Any help would be appreciated. Thanks!

Replies

/// Encode a stream as BASE64
ClassMethod Base64EncodeStream(
  pStream As %Stream,
  Output pEncoded As %StreamAs %Status
{
  tSC=$$$OK
  try {
    tSC=pStream.Rewind()
    q:$$$ISERR(tSC)

    pEncoded=##class(%Stream.TmpCharacter).%New()
    while 'pStream.AtEnd {
      tLen=5700 
      tSC=pEncoded.Write($system.Encryption.Base64Encode(pStream.Read(.tLen)))
      q:$$$ISERR(tSC)
    }
    q:$$$ISERR(tSC)
        
    tSC=pEncoded.Rewind()
  catch (e{
    tSC=e.AsStatus()
  }
  tSC
}

Base64 encoding only works on strings of 8-bit bytes.  If you have a Unicode string with a character with an encoded value greater than 255 then direct Base64 encoding is not possible.  The following documentation excerpt from the %SYSTEM.Encryption.Base64Encode Class Reference page will describe a first step at turning Unicode into a UTF-8 byte string and then applying the Base64 encoding to that byte string (but if your encoded stream exceeds the string limit in size then you will need to do more.)

Note: Base 64 encoding is not able to encode a string which contains unicode (2 byte) characters.
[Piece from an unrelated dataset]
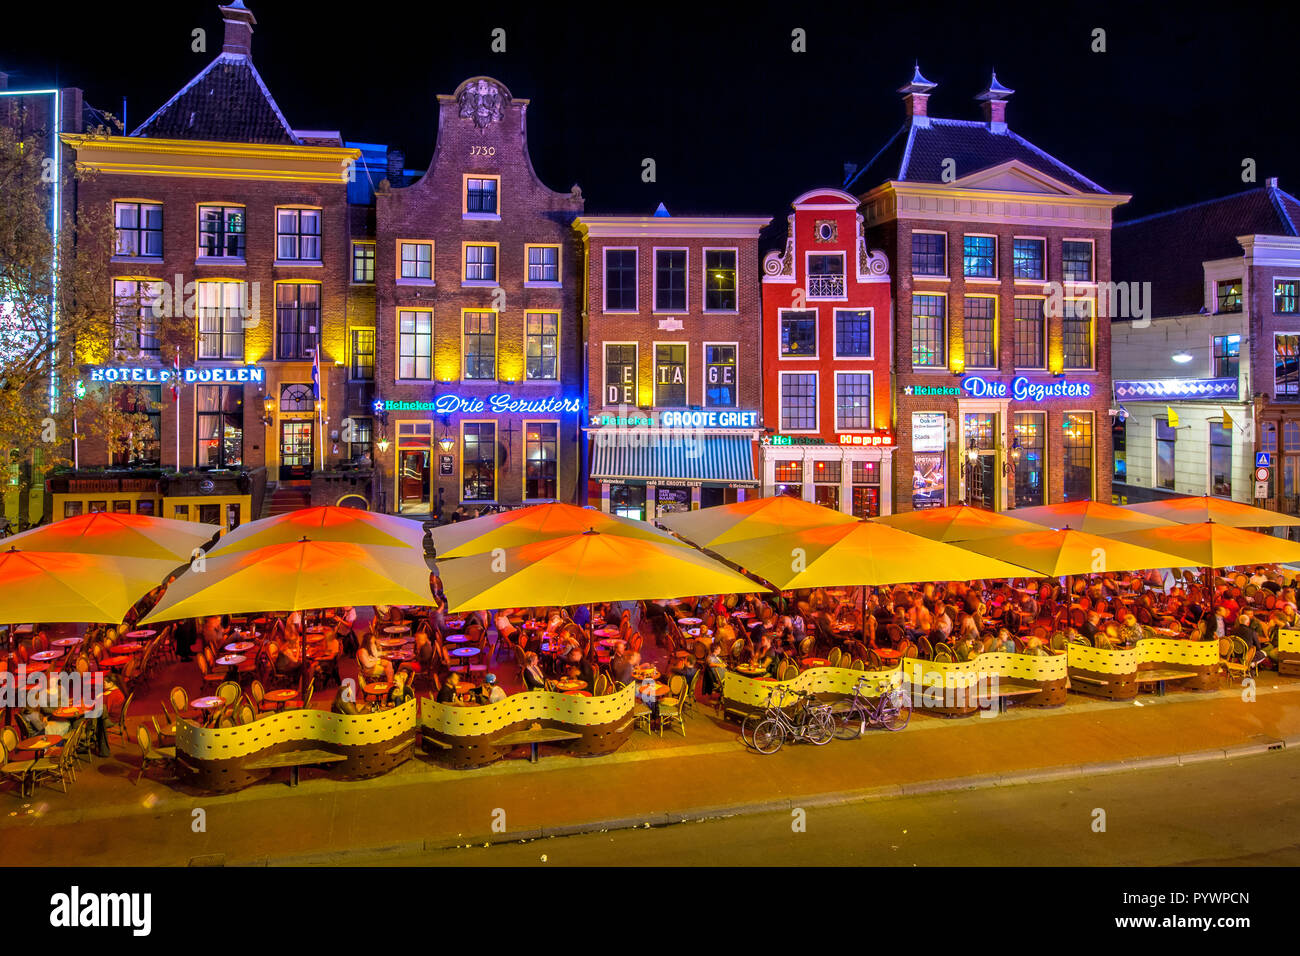 GRONINGEN, Pays-bas-Mai 5,2015 : les élèves sur teracces dans la nuit. Célèbres bars et restaurants dans le vieux centre de la ville universitaire de Gron Banque D'Images

If you need to Base 64 encode an unicode string, you should first translate the string to UTF8 format, then encode it.
s BinaryText=$ZCONVERT(UnicodeText,"O","UTF8")
s Base64Encoded=$system.Encryption.Base64Encode(BinaryText)
Now to Decode it:
s BinaryText=$system.Encryption.Base64Decode(Base64Encoded)
s UnicodeText=$ZCONVERT(BinaryText,"I","UTF8")

Now if your Base64Encoded, UTF-8 encoded string cannot be longer than 3,641,144 bytes then you can ignore the rest of this reply.  Just execute the code excerpt from the %SYSTEM.Encryption.Base64Encode Class Reference documentation.  If you have a %Stream that is too long then you will need to loop over substrings of the %Stream and you should read on.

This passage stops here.